*REQUIREMENT*.
Beginning at the line that holds "J. J. Audubon – Plate 40 – American Redstart" and continuing to the last line of the data below, transcribe every line word for word, without pictures.

*STORED DATA*.

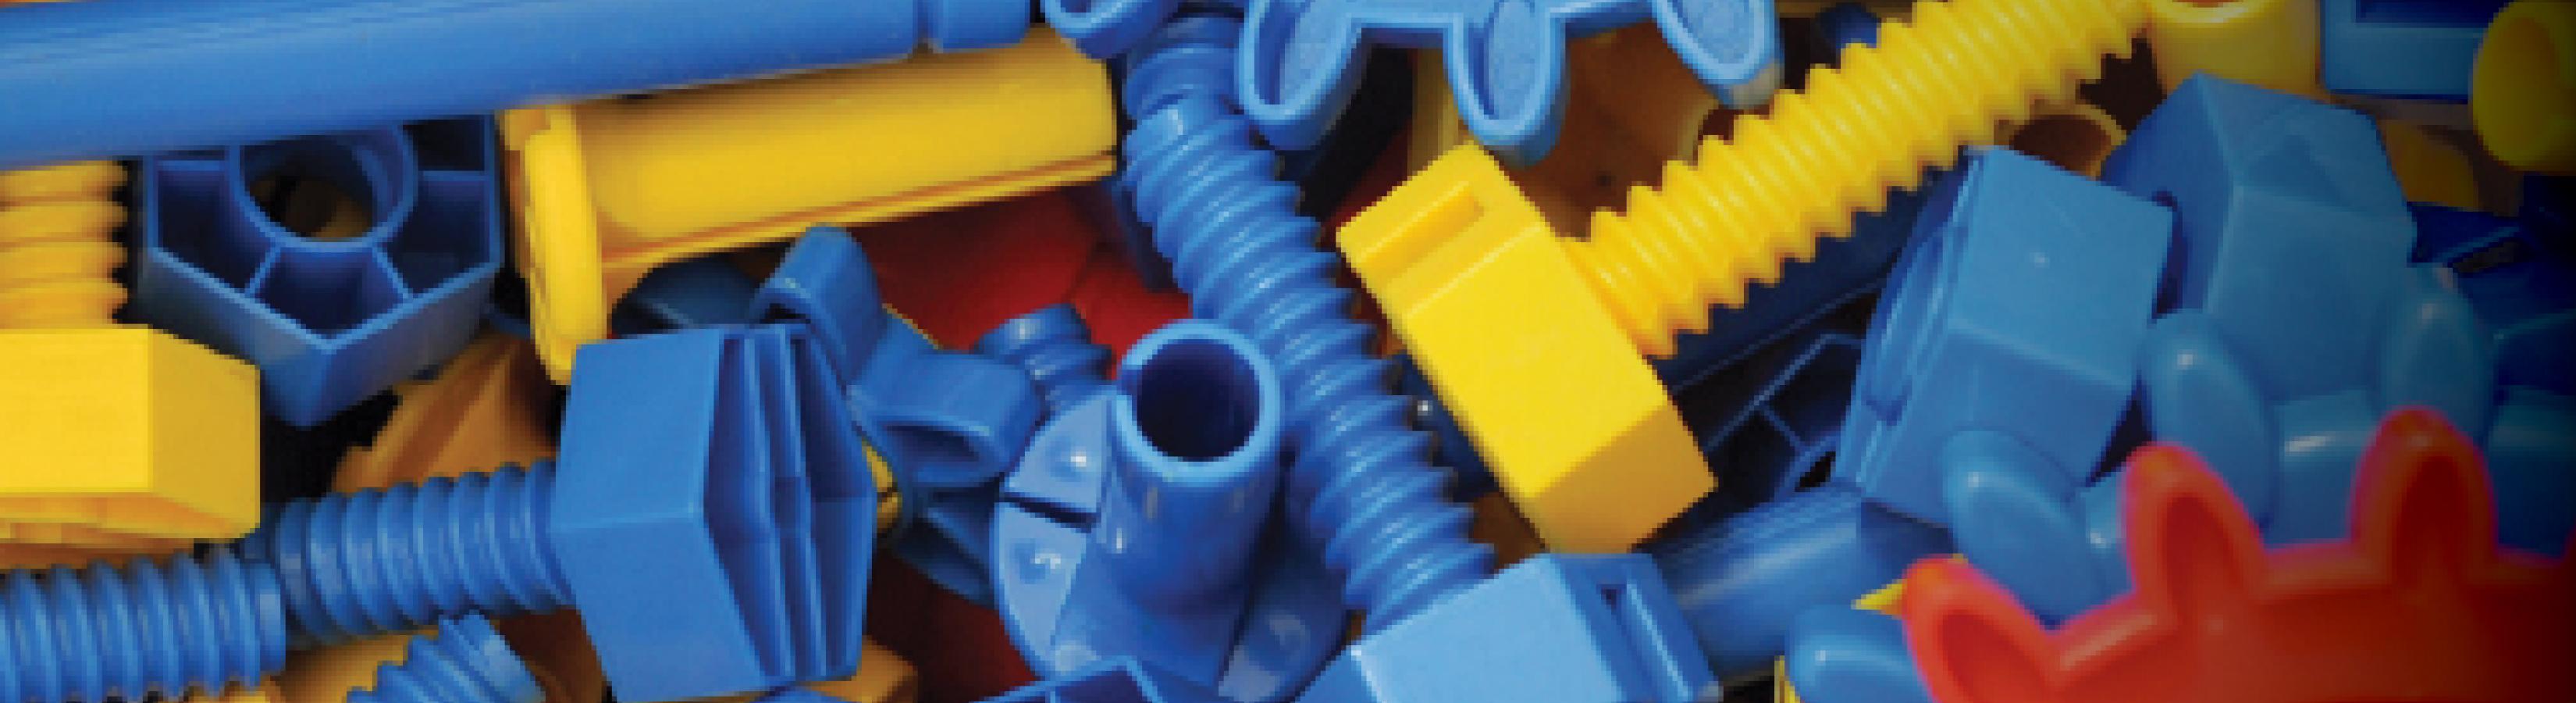 Robotic LEGO Photocopier: SolidWorks Design En Route
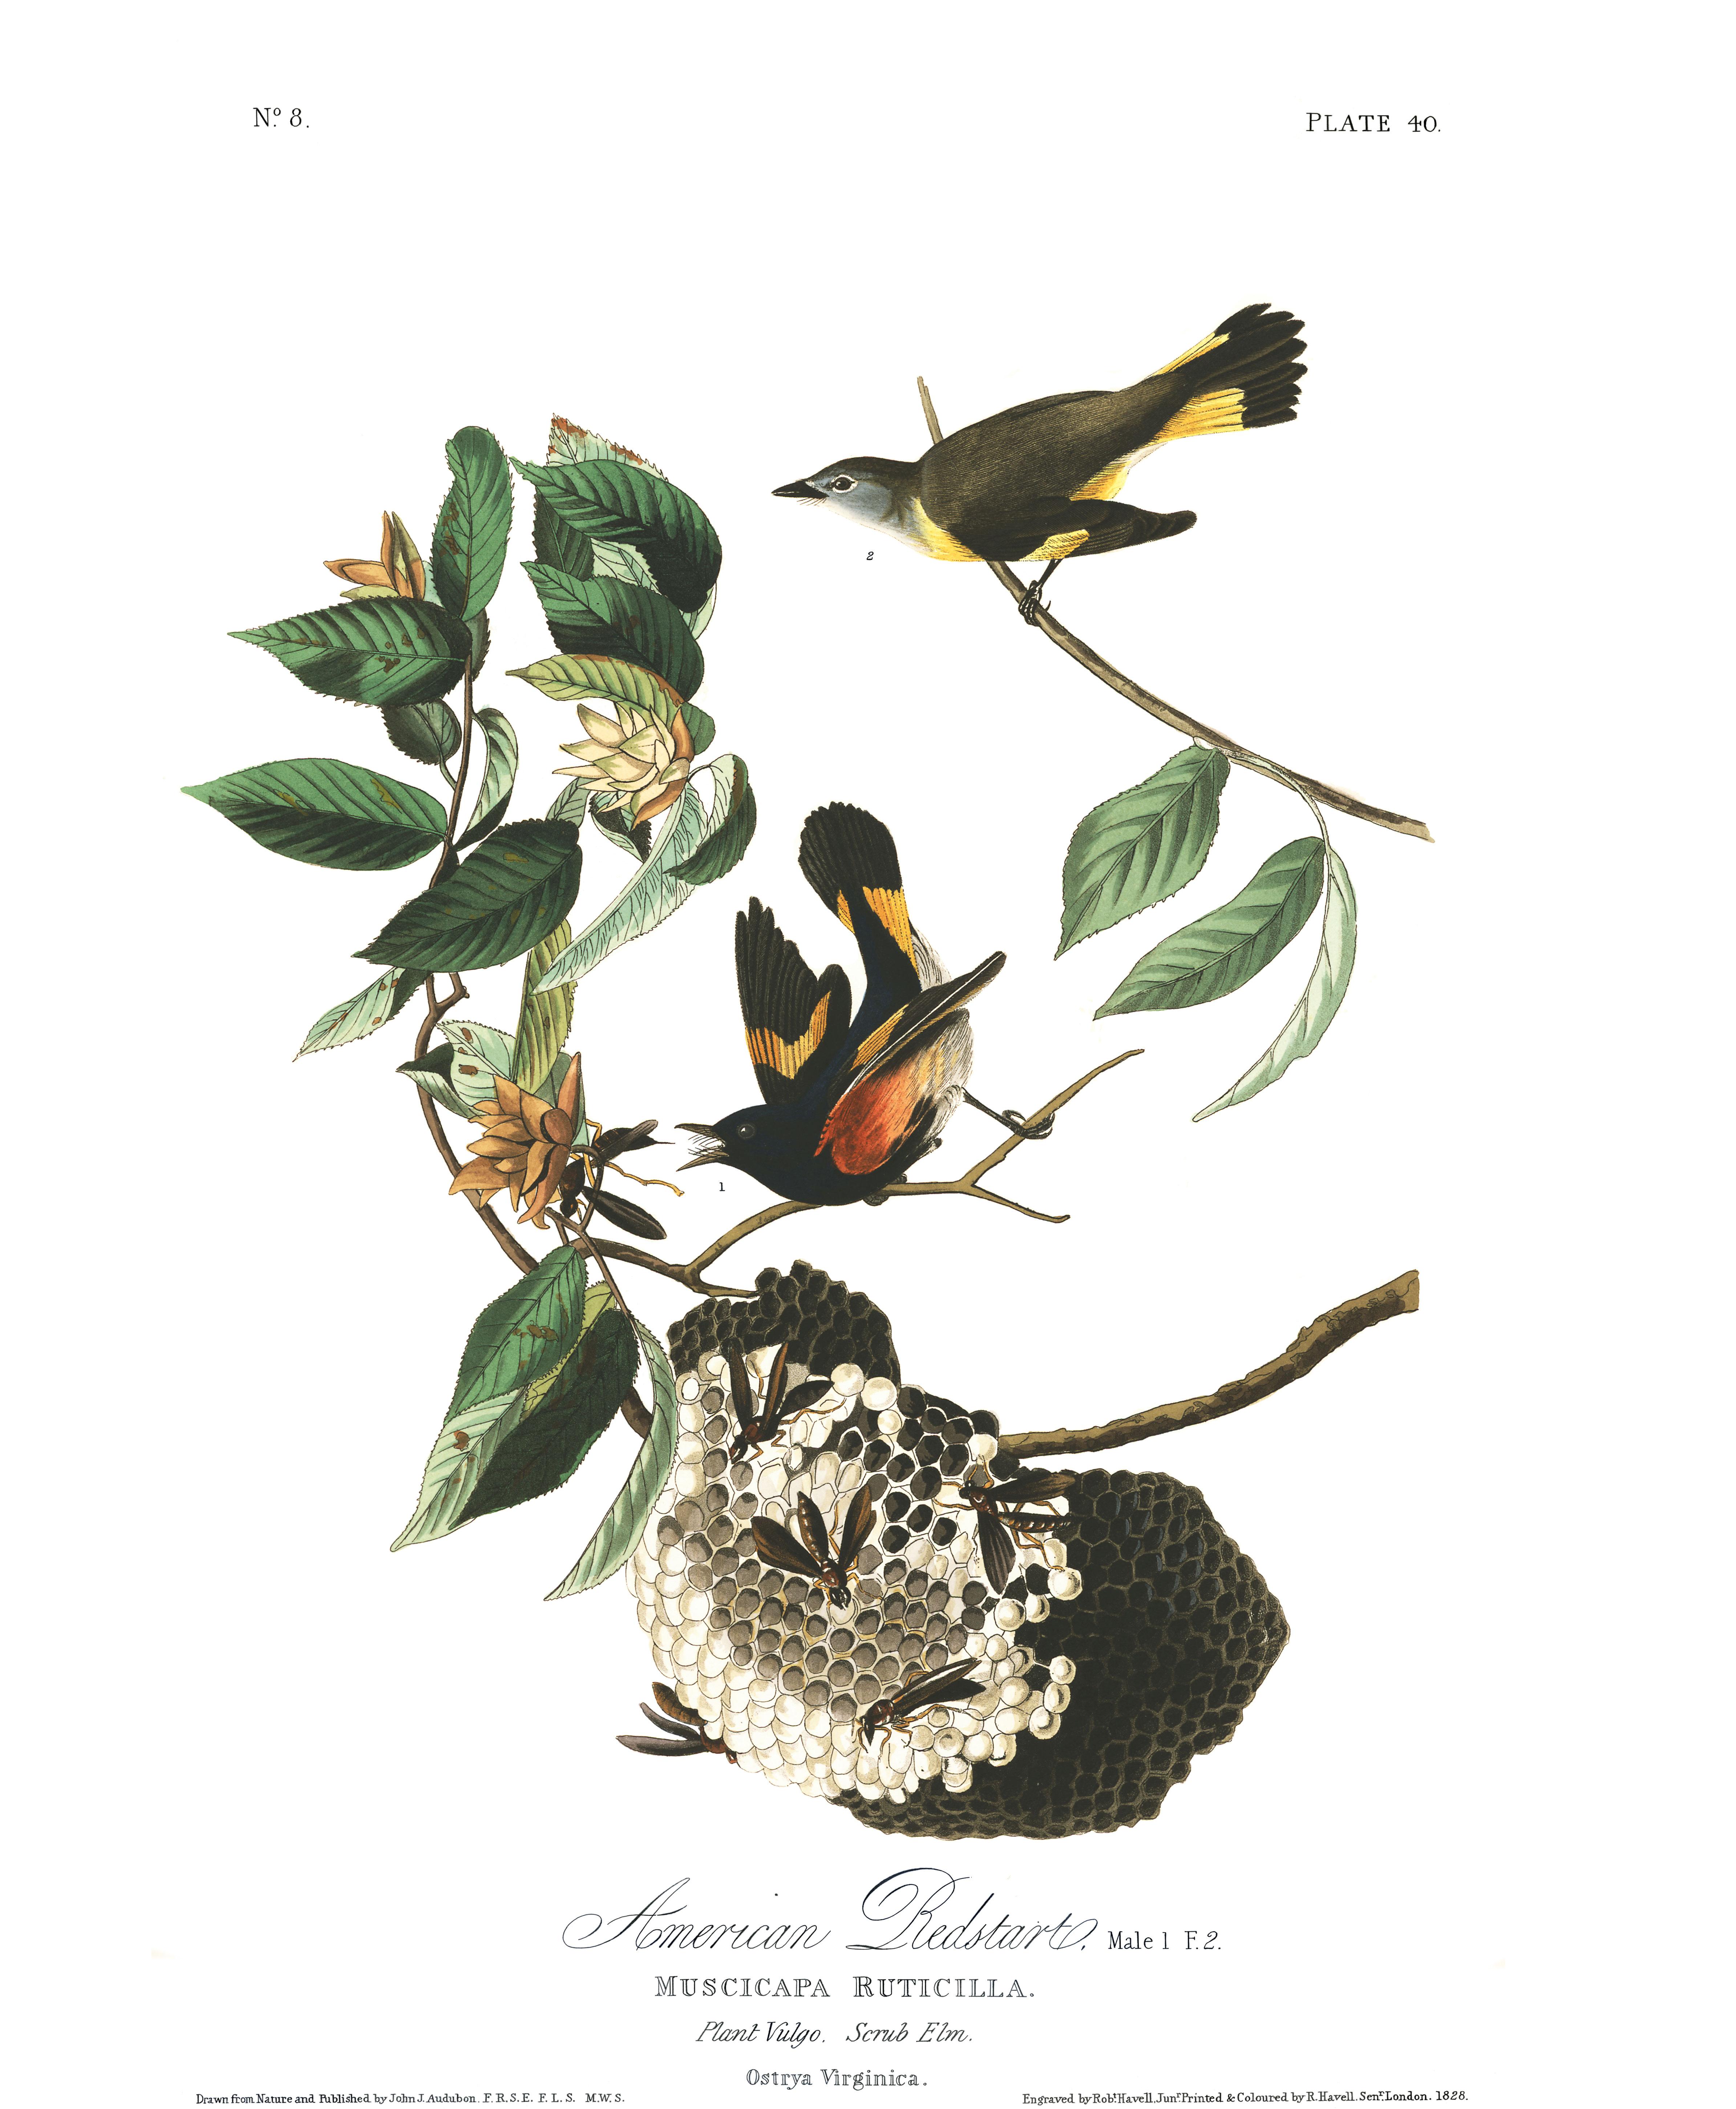 J. J. Audubon – Plate 40 – American Redstart
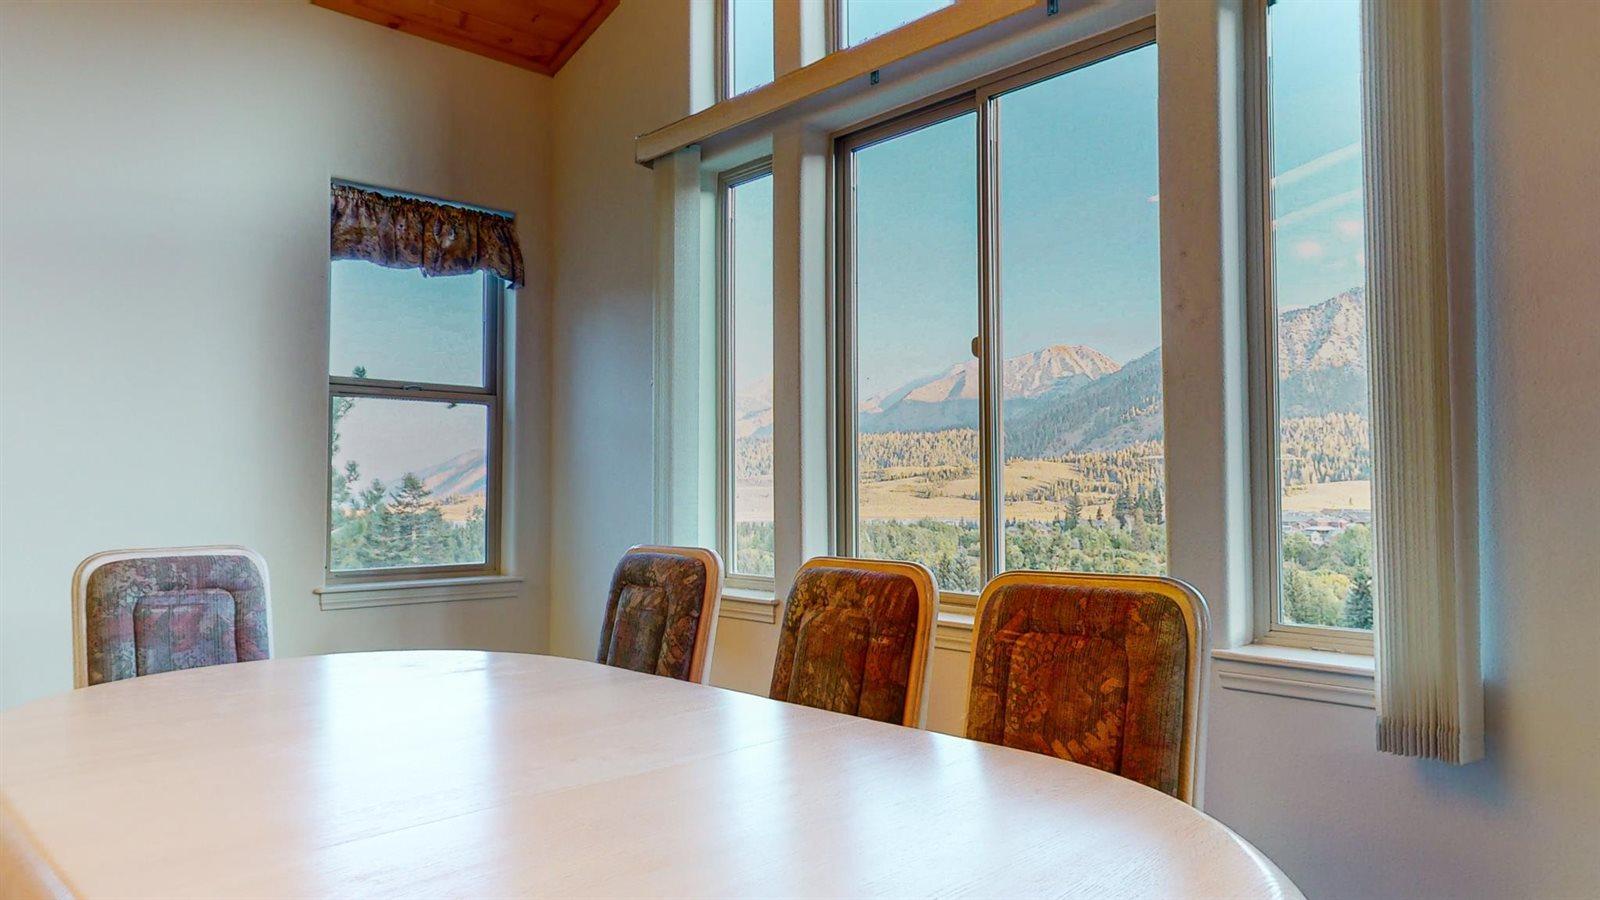 77 Panorama Drive, Mammoth Lakes, CA 93546

*COMPLETED TASK*.
 J. J. Audubon – Plate 40 – American Redstart
 77 Panorama Drive, Mammoth Lakes, CA 93546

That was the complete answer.